Вот и вся болезнь. Вот и всё лечение.
— Только, может, ты ошибаешься? — осторожно спросила Лушка, чуть уклонив взгляд ниже лица золотоволосой, чтобы было понятно, что имеется в виду. — Ведь здесь это не так просто?
— Я всегда точно знаю, — с гордостью возразила золотоволосая. — И всякий раз без ошибки. Да я тебе скажу! Первый раз — я девицей была.
— Первый раз все девицы.
— Дура! Я не про то. Меня на аборт распяли — а я девица. И без всякой вашей подделки. А эти кобели ржали.
— Кто?
— Врачи. Собрались все. Заглядывали, как в кувшин, и ржали.
— Не бери в голову, — попыталась утешить Лушка.
— Так теперь что. Теперь не беру. Было-то как? Мой дурачок меня пожалел, я даже штаны не снимала, а всё равно.
— Так поженились бы.
— Хотели, а нас никак. Несовершеннолетние. Мать меня чуть не покалечила.
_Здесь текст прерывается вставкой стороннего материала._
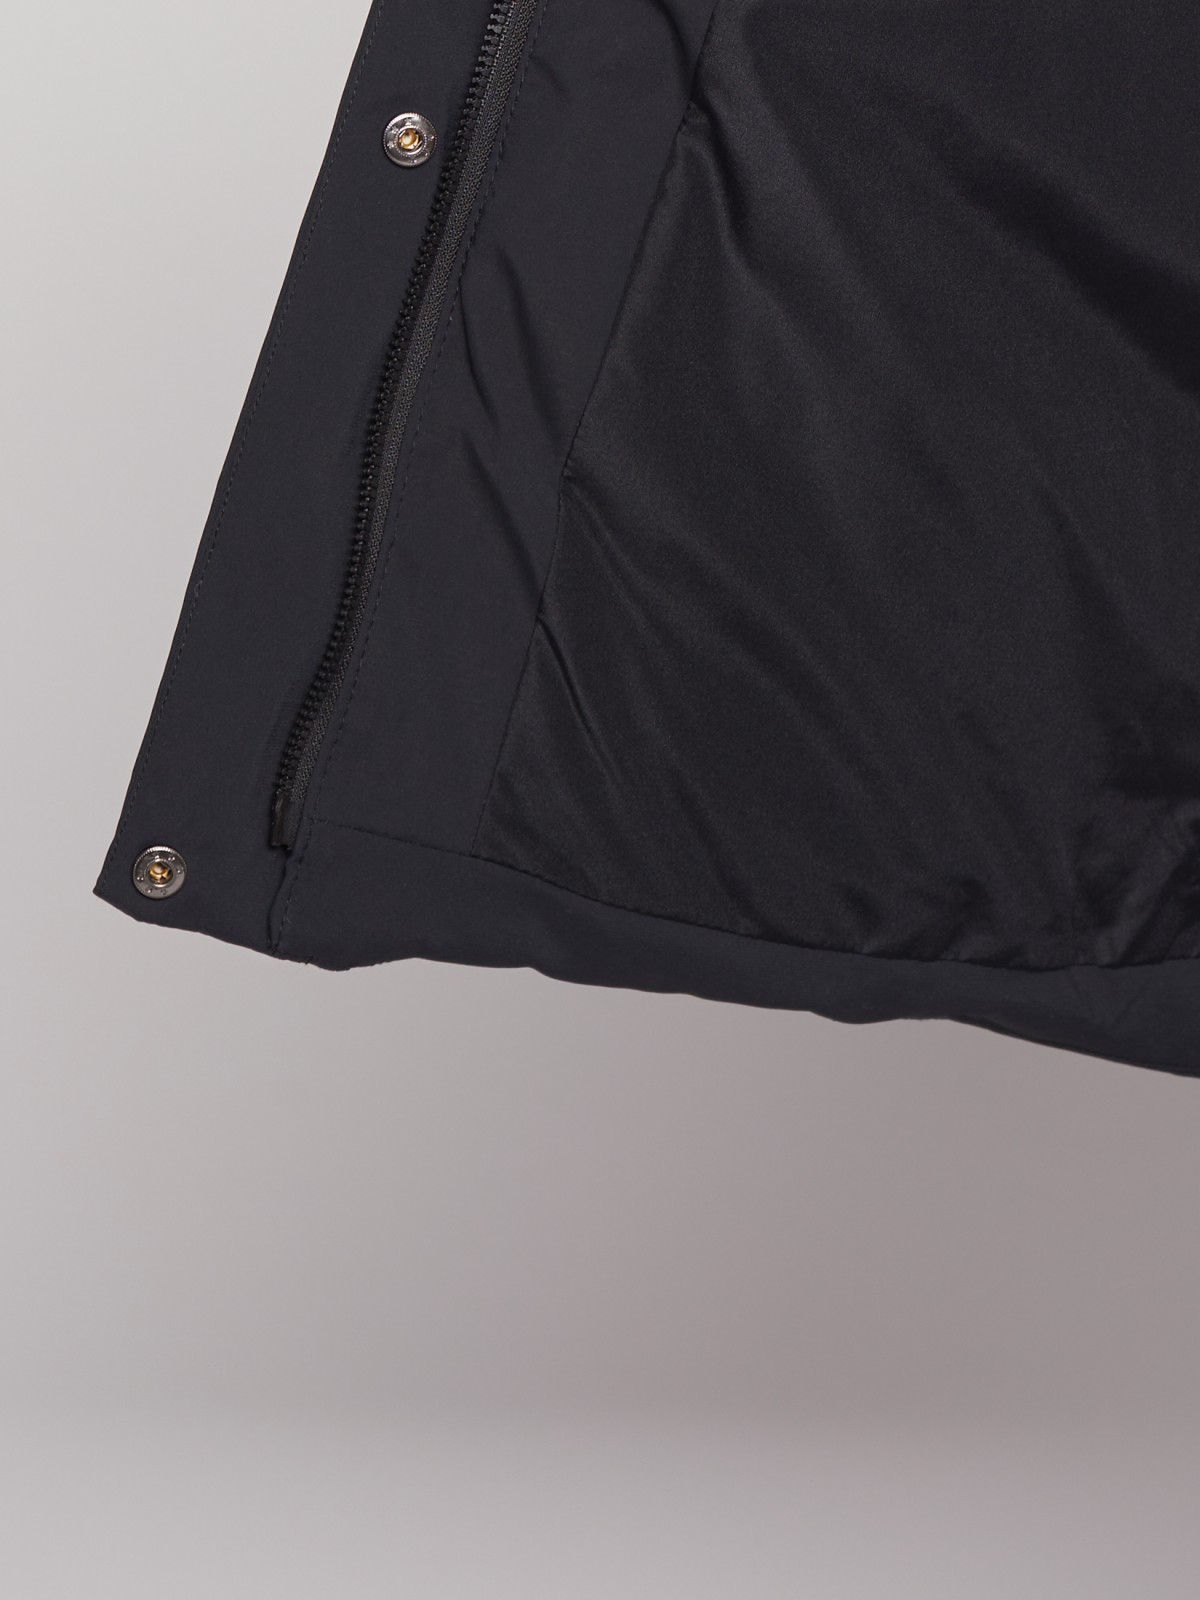 Тёплая куртка с капюшоном zolla 022335102134, цвет черный, размер XS - фото 6

Лушка попыталась улыбнуться — чтобы не ухнуть в чужие провалы.
— Не бери в голову… — пробормотала она по-родному. Золотоволосая заморгала часто. С пухлых век свалились две слезины.
— А почему не смеешься? — спросила она, почти приглашая к веселью.
— Не смешно потому что, — объяснила Лушка.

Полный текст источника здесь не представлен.